TACTIVE-U: A Study to Learn About the Study Medicine (Vepdegestrant) When Given With Other Medicines in People With Advanced or Metastatic Breast Cancer (Sub-Study A)
Purpose
The purpose of this clinical trial is to learn about the safety and effects of the study medicine (called ARV-471) when given together with other medicines for the potential treatment of advanced or metastatic breast cancer. This study is seeking participants who have breast cancer that: - is advanced, may have spread to other organs (metastatic) and cannot be fully treated by surgery or radiation therapy - is sensitive to hormonal therapy (it is called estrogen receptor positive); and - is no longer responding to previous treatments This study is divided into separate sub-studies. For Sub-Study A: All participants will receive ARV-471 and a medicine called abemaciclib. ARV-471 will be given by mouth, at home, 1 time a day. Abemaciclib will be given by mouth, at home, 2 times a day. We will examine the experiences of people receiving the study medicines. This will help us determine if the study medicines are safe and effective. Participants will continue to take ARV-471 and abemaciclib until their cancer is no longer responding, or side effects become too severe. They will have visits at the study clinic about every 4 weeks.
Condition
- Breast Cancer
Eligibility
- Eligible Ages
- Over 18 Years
- Eligible Genders
- All
- Accepts Healthy Volunteers
- No
Inclusion Criteria
- histological or cytological diagnosis of ER+ and HER2- advanced/metastatic breast cancer that is not amendable to surgical resection with curative intent (≥1% ER+ stained cells on the most recent tumor biopsy). - prior anticancer therapies: at least 1 and no more than 2 lines of prior therapies for advanced/metastatic disease; 1 line of any CDK4/6 inhibitor-based regimen is required (independent of the setting eg, adjuvant or advanced/metastatic) - at least 1 measurable lesion as defined by RECIST v1.1. - ECOG PS ≤1.
Exclusion Criteria
- visceral crisis at risk of life-threatening complications in the short term - known history of drug-induced pneumonitis or other significant symptomatic deterioration of lung functions. - newly diagnosed brain metastases, or symptomatic CNS metastases, carcinomatous meningitis, or leptomeningeal disease.

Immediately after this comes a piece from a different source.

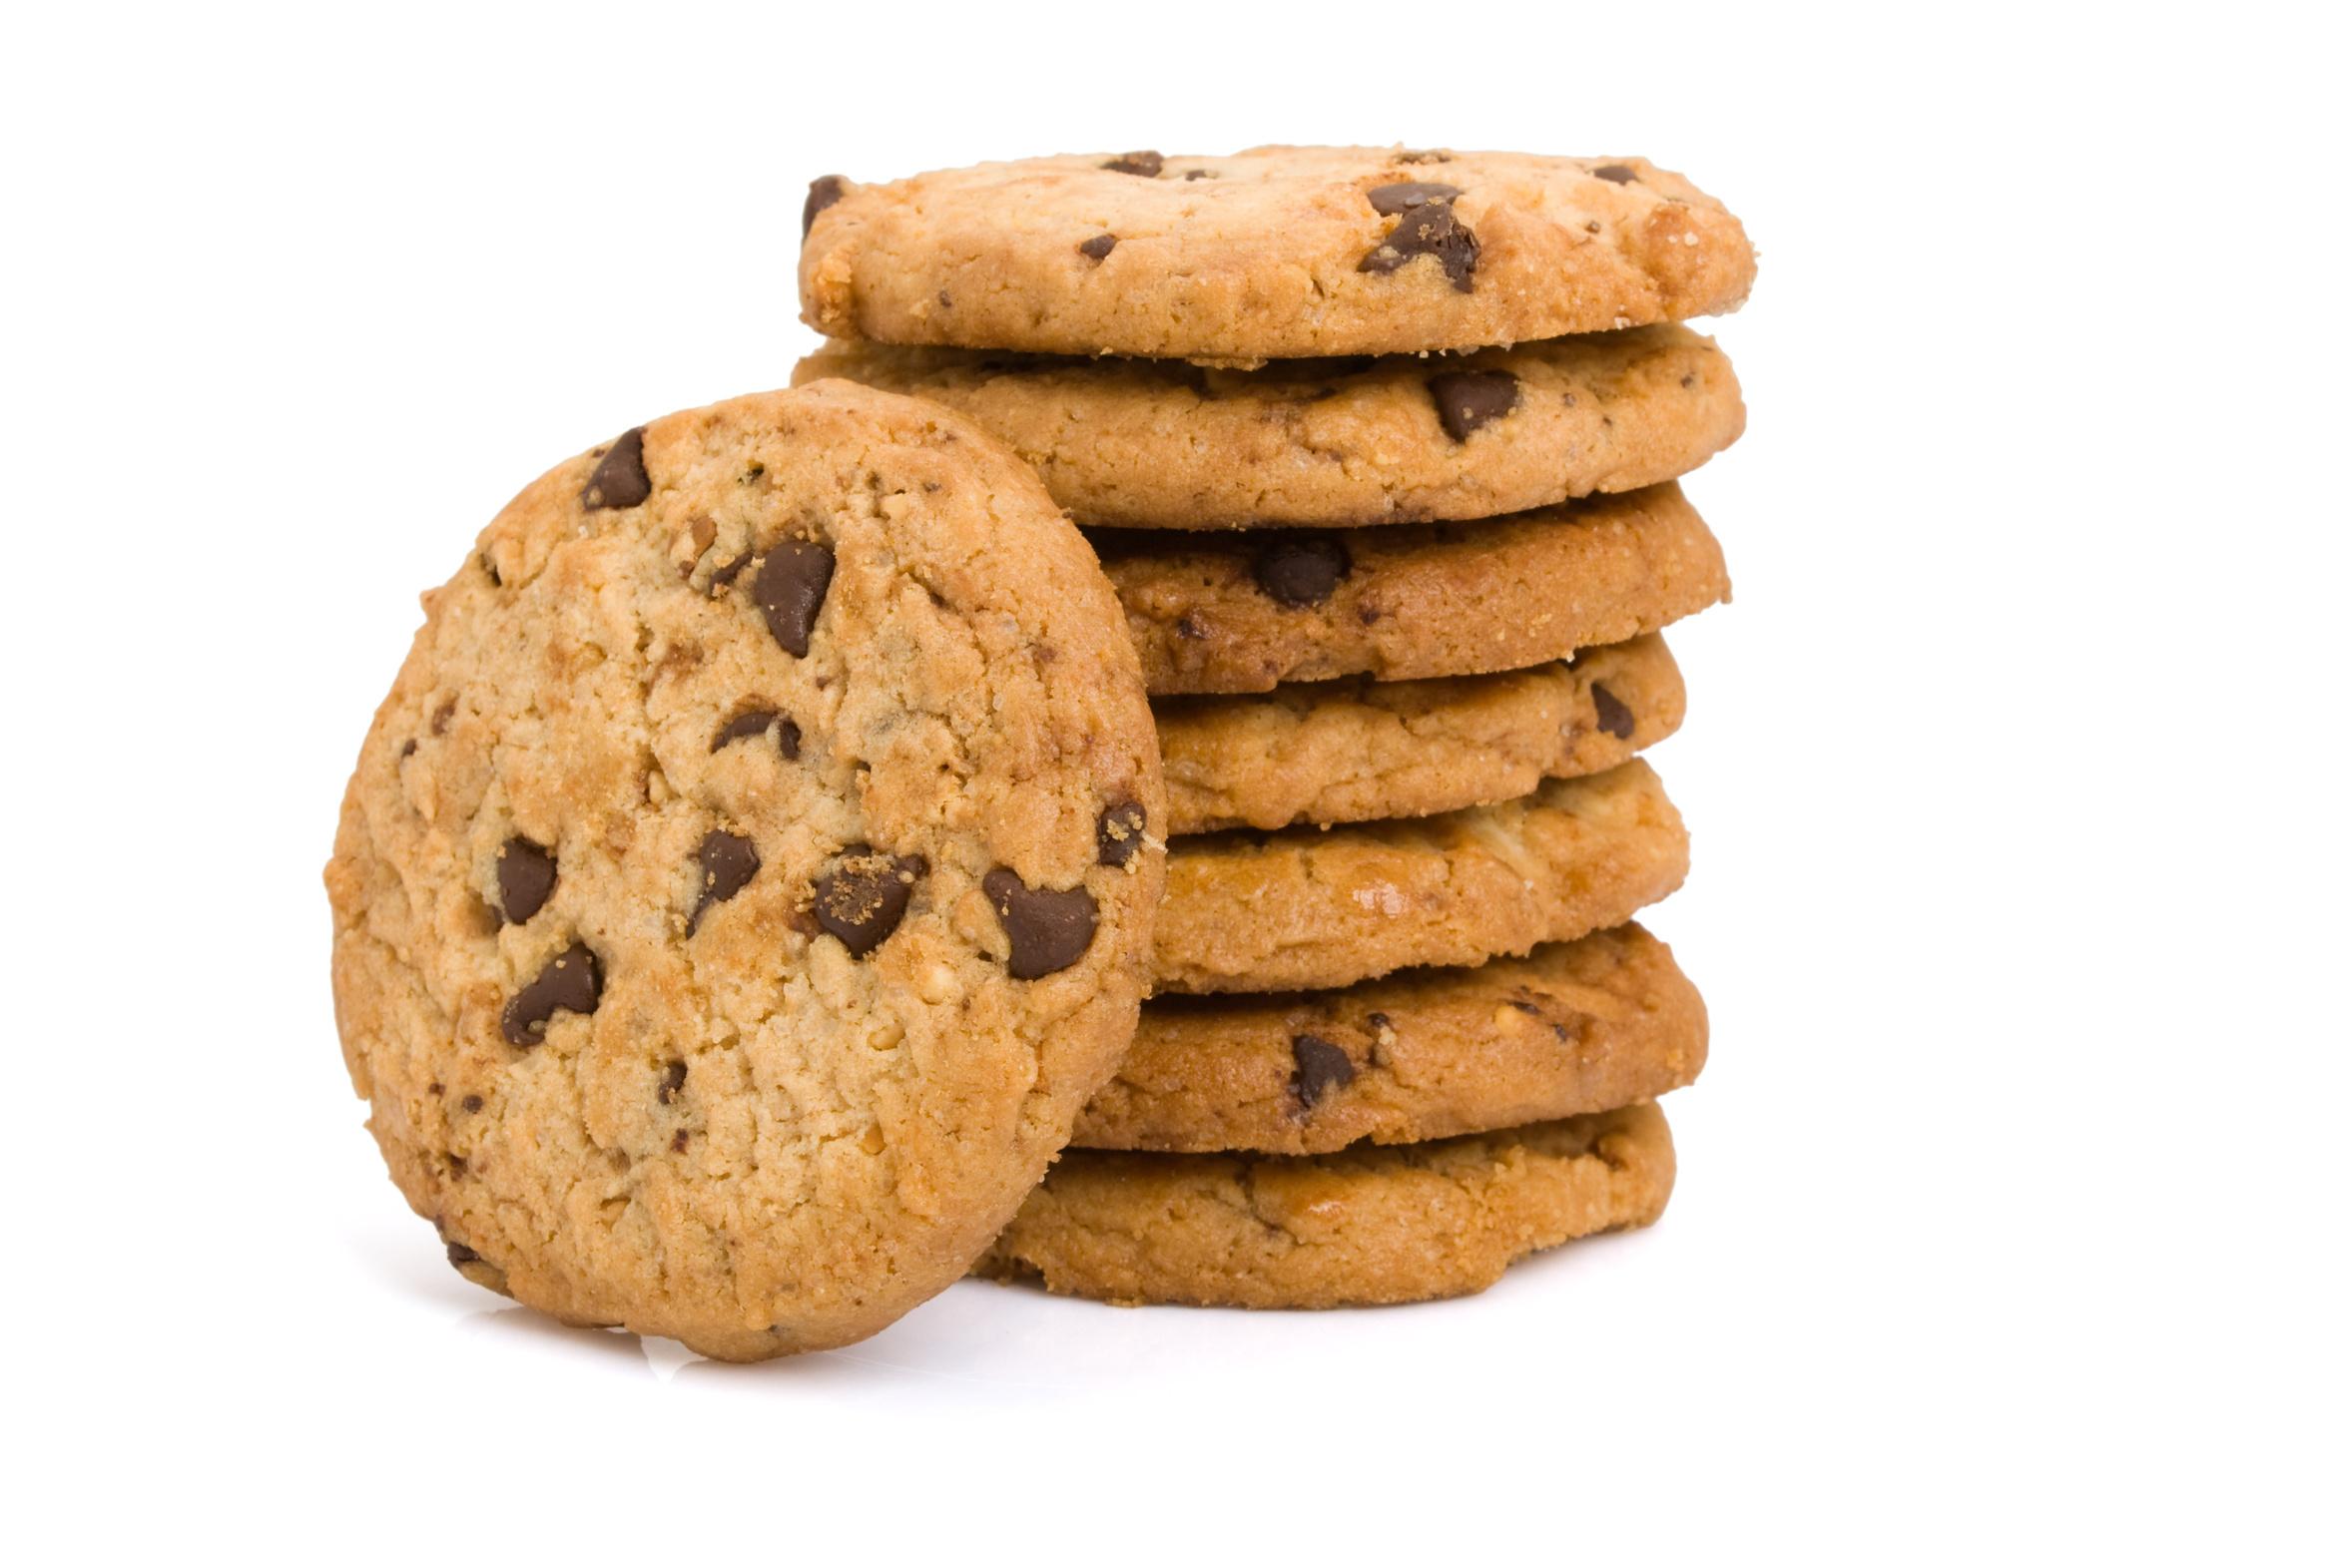 Cookies Hd Wallpaper

Participants with a history of CNS metastases or cord compression are eligible if they have been definitively treated, clinically stable and discontinued anti-seizure medications and corticosteroids for at least 14 days prior to enrollment in the study. - history of any other tumor malignancies within the past 3 years, except for the following: (1) adequately treated basal or squamous cell carcinoma of the skin; (2) curatively treated in situ carcinoma of the cervix. - inflammatory breast cancer - impaired cardiovascular function or clinically significant cardiovascular diseases - concurrent administration of medications, food, or herb supplements that are strong inhibitors and strong/moderate inducers of CYP3A and drugs known to predispose to Torsade de Pointes or QT interval prolongation. - renal impairment, not adequate liver function and/or bone marrow function - known active infection
Study Design
- Phase
- Phase 1/Phase 2
- Study Type
- Interventional
- Allocation
- N/A
- Intervention Model
- Sequential Assignment
- Intervention Model Description
- Phase 1b will use an escalation/de-escalation approach to determine the RP2D of ARV-471 when administered in combination with abemaciclib. The decision to de-escalate the starting dose levels of ARV 471 will be using mTPI-2 decision criteria based on the number of DLT-evaluable participants and the number of DLTs in those participants during the DLT observation period (Cycle 1 [first 28 days]). Phase 2 will further evaluate the preliminary antitumor activity and safety of the combination RP2D.
- Primary Purpose
- Treatment
- Masking
- None (Open Label)
Arm Groups
Arm | Description | Assigned Intervention |
---|---|---|
Experimental ARV-471 in combination with Abemaciclib |
ARV-471 administered orally once daily (QD) and Abemaciclib orally twice daily (BID) on 28-day cycle |
|
Recruiting Locations
Boston, Massachusetts 02114
More Details
- Status
- Recruiting
- Sponsor
- Pfizer
Detailed Description
C4891006 is a sub-study from the Umbrella platform, TACTIVE-U, comprising multiple sub-studies that independently evaluate ARV-471 in participants with Estrogen Receptor Positive (ER+) Advanced or Metastatic Breast Cancer (A/MBC). ARV-471 will act as the backbone therapy given in combination with other anticancer agents thought to have clinical relevance in ER+ breast cancer.